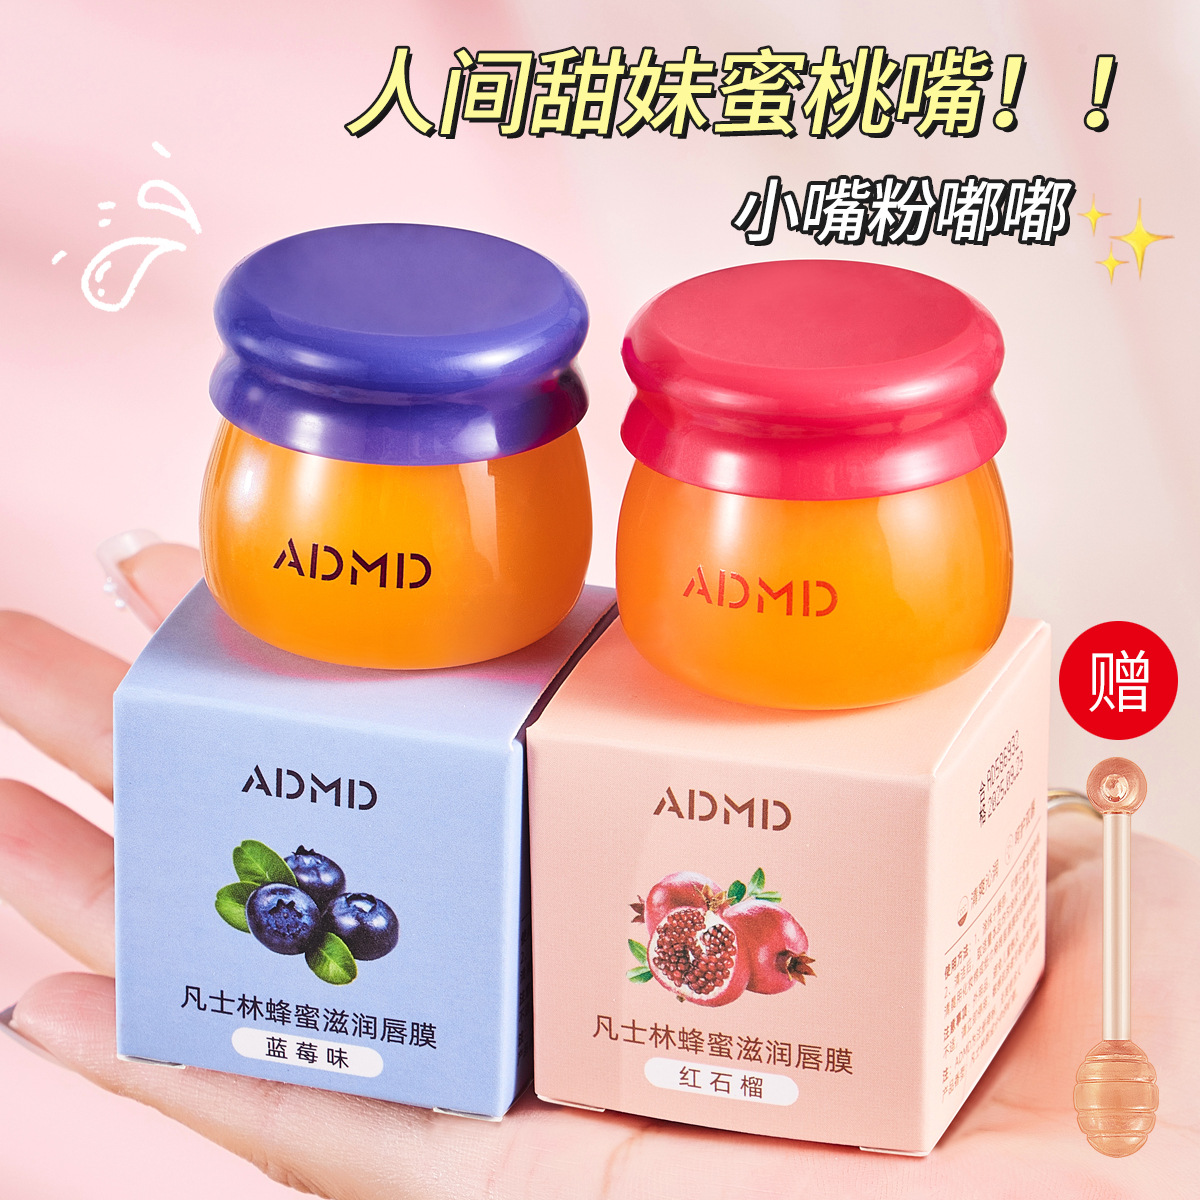 ADMD Vaseline Lip Moisturizing Lip Balm Honeybee Lip Balm Blueberry Strawberry Moisturizing Lip Balm for Women
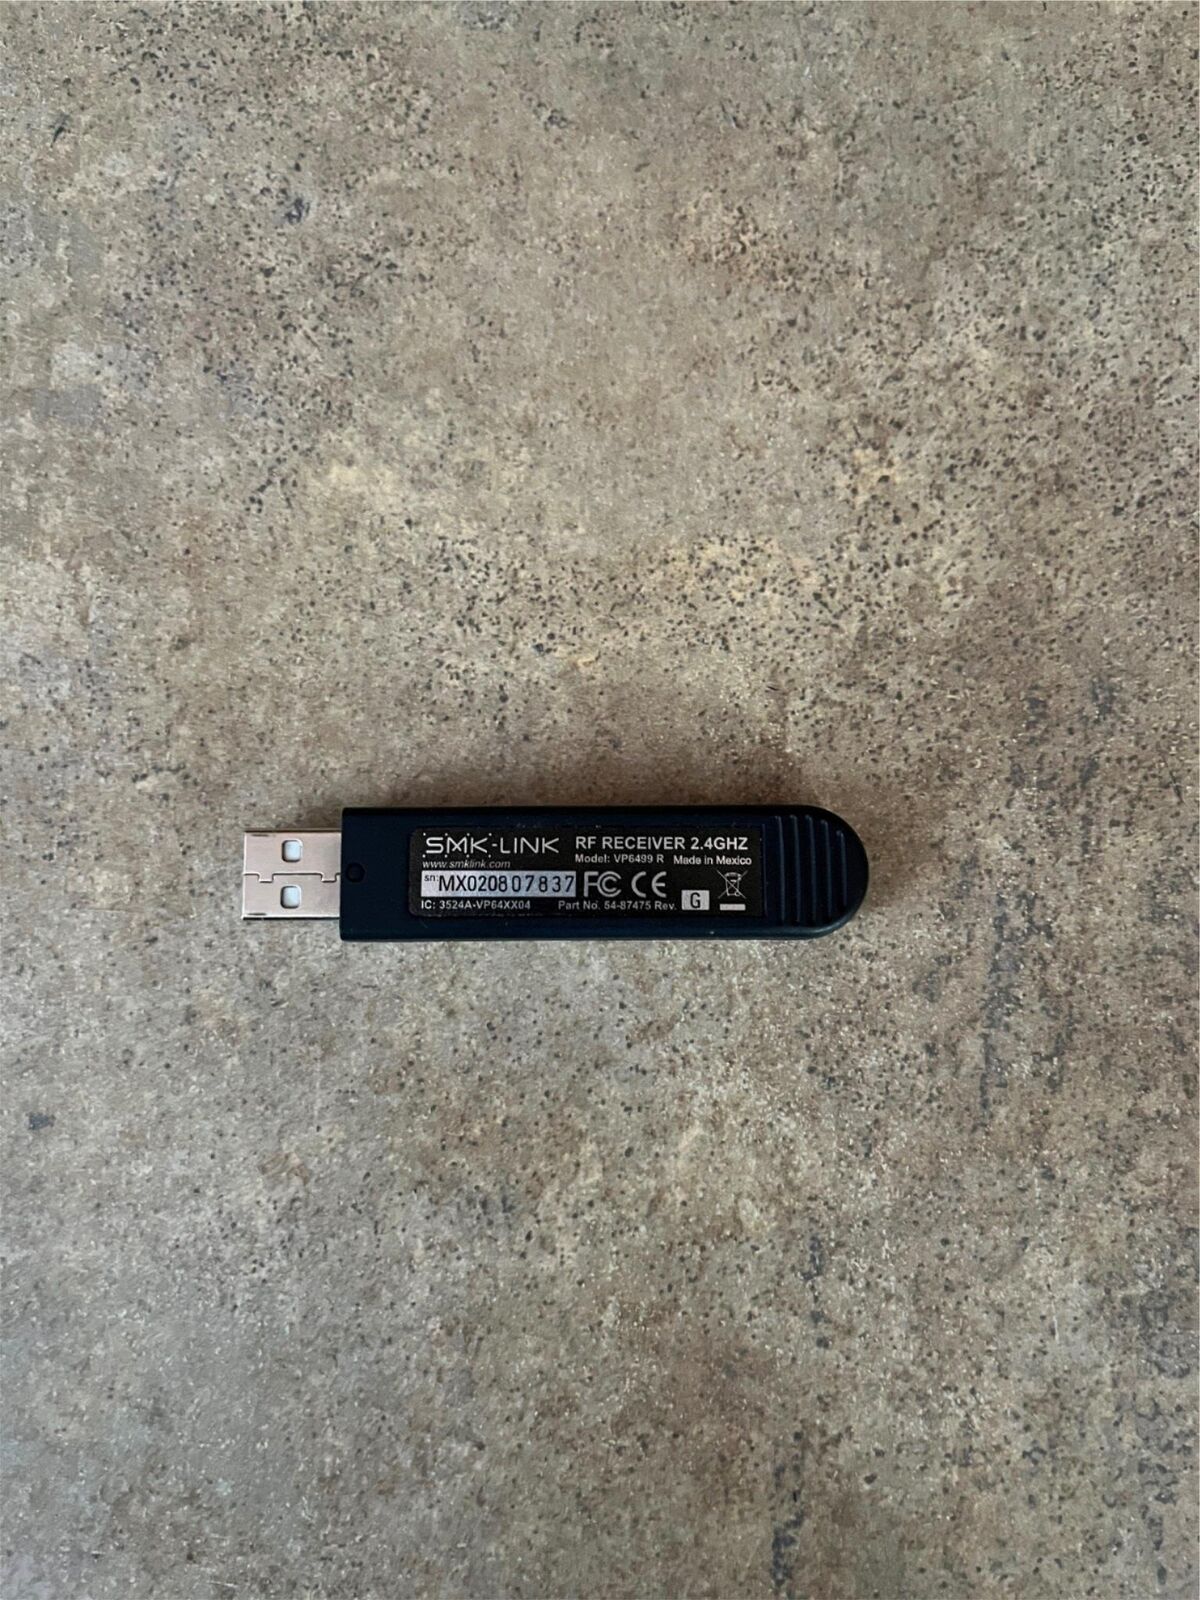 SMK-LINK USB - RF RECEIVER 2.4GHZ VP6499  I3-4(13)
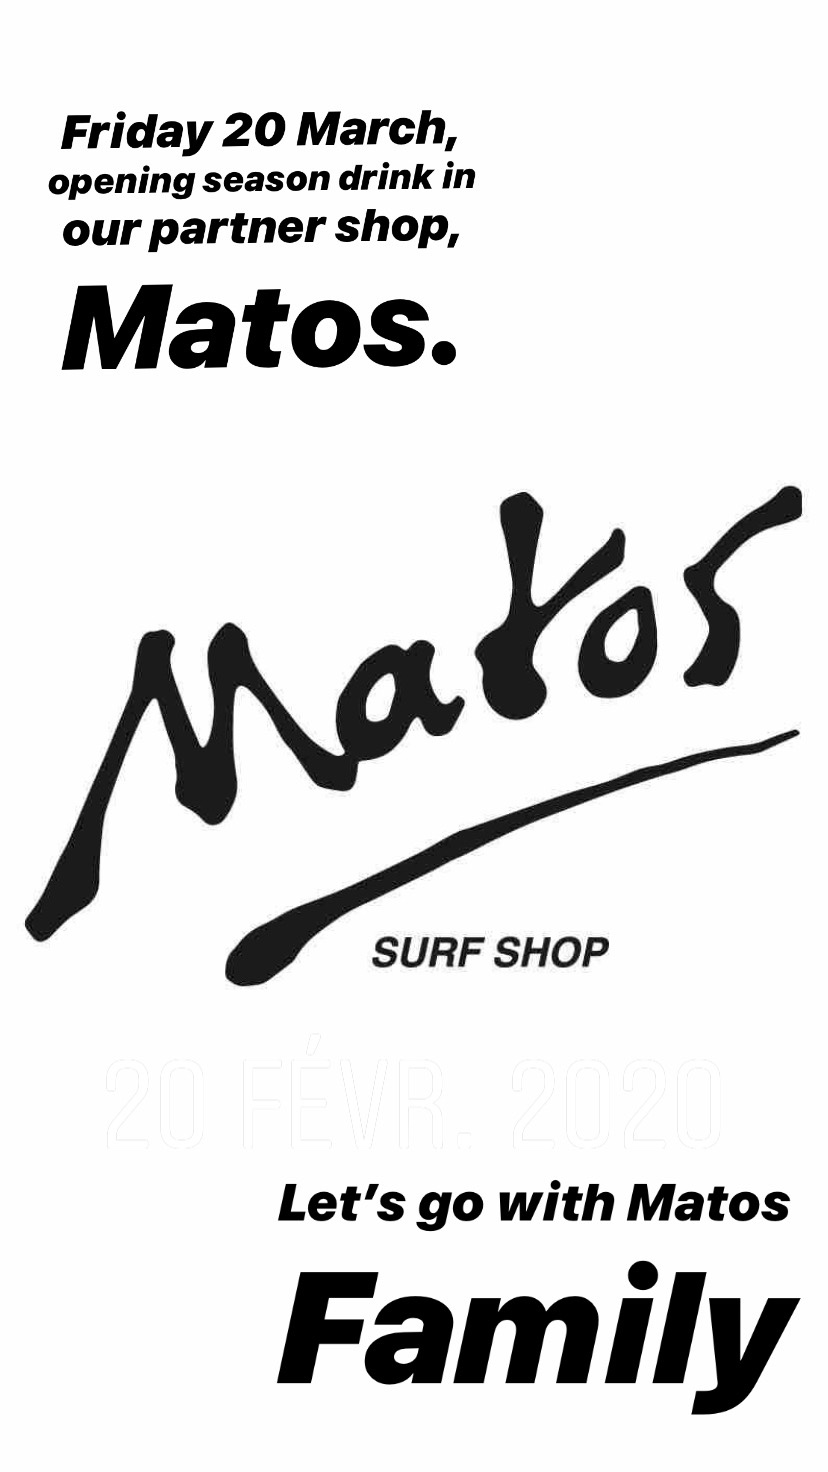 Matos shop – season Opening
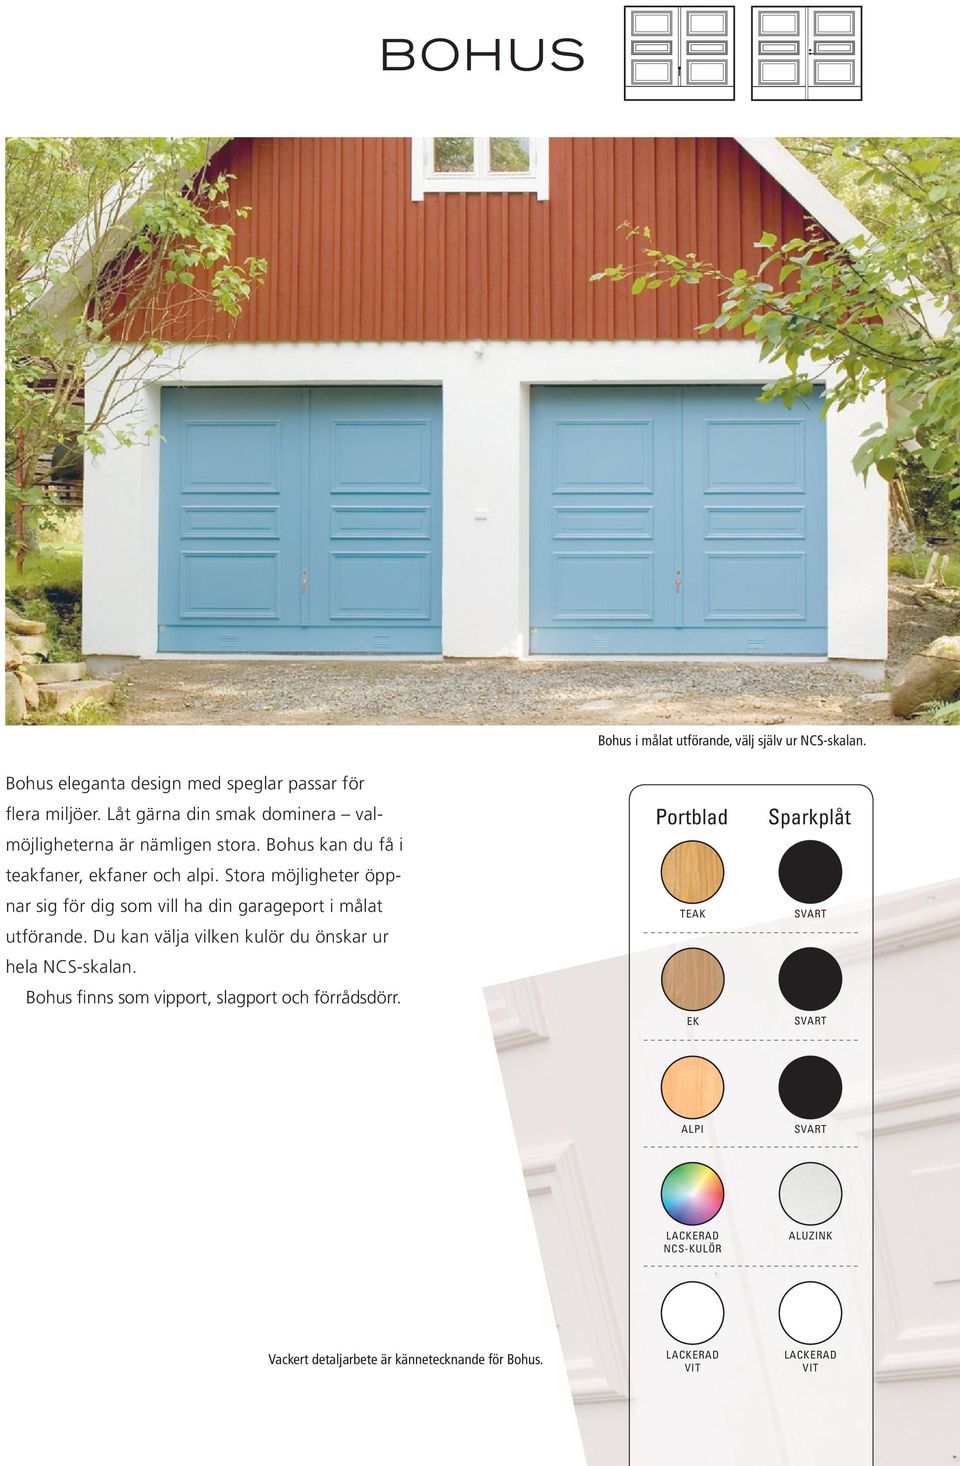 Stora möjligheter öppnar sig för dig som vill ha din garageport i målat utförande. Du kan välja vilken kulör du önskar ur hela NCS-skalan.
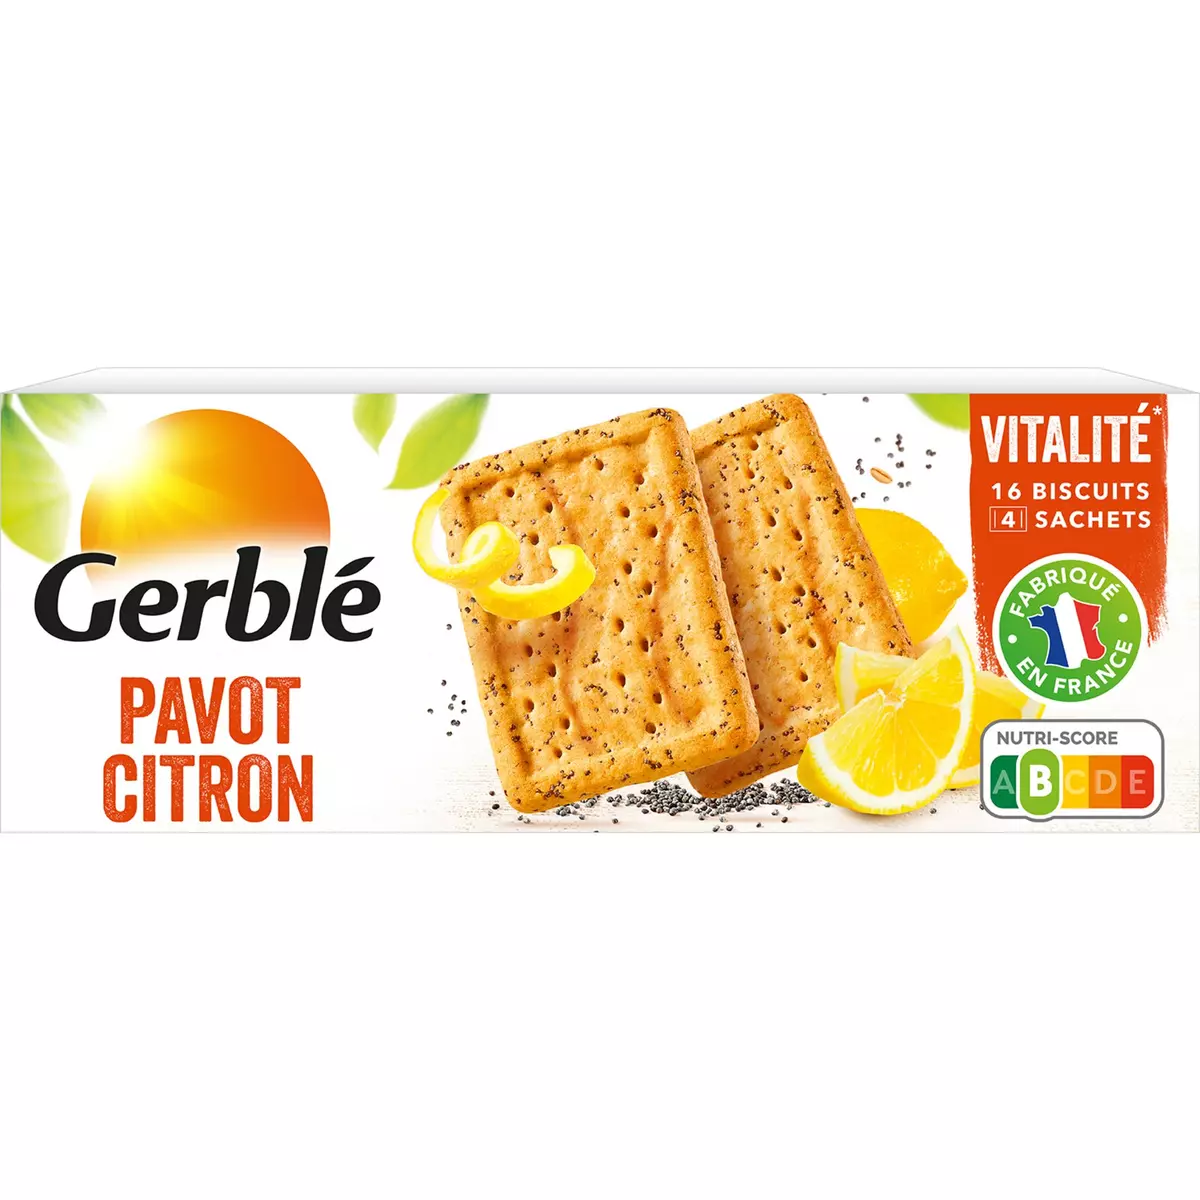 Promo Gerblé Vitalité 16 Biscuits Pavot Citron -46% de sucres en moins

▶ [WHAT YOU NEED TO DO]
Every entry above needs to be duplicated precisely, and none of the pictures should appear.

▶ [SOLVED EXERCISE]
 ADMD Vaseline Lip Moisturizing Lip Balm Honeybee Lip Balm Blueberry Strawberry Moisturizing Lip Balm for Women
 SMK-LINK USB - RF RECEIVER 2.4GHZ VP6499  I3-4(13)
 Matos shop – season Opening
 Stora möjligheter öppnar sig för dig som vill ha din garageport i målat utförande. Du kan välja vilken kulör du önskar ur hela NCS-skalan.
 Promo Gerblé Vitalité 16 Biscuits Pavot Citron -46% de sucres en moins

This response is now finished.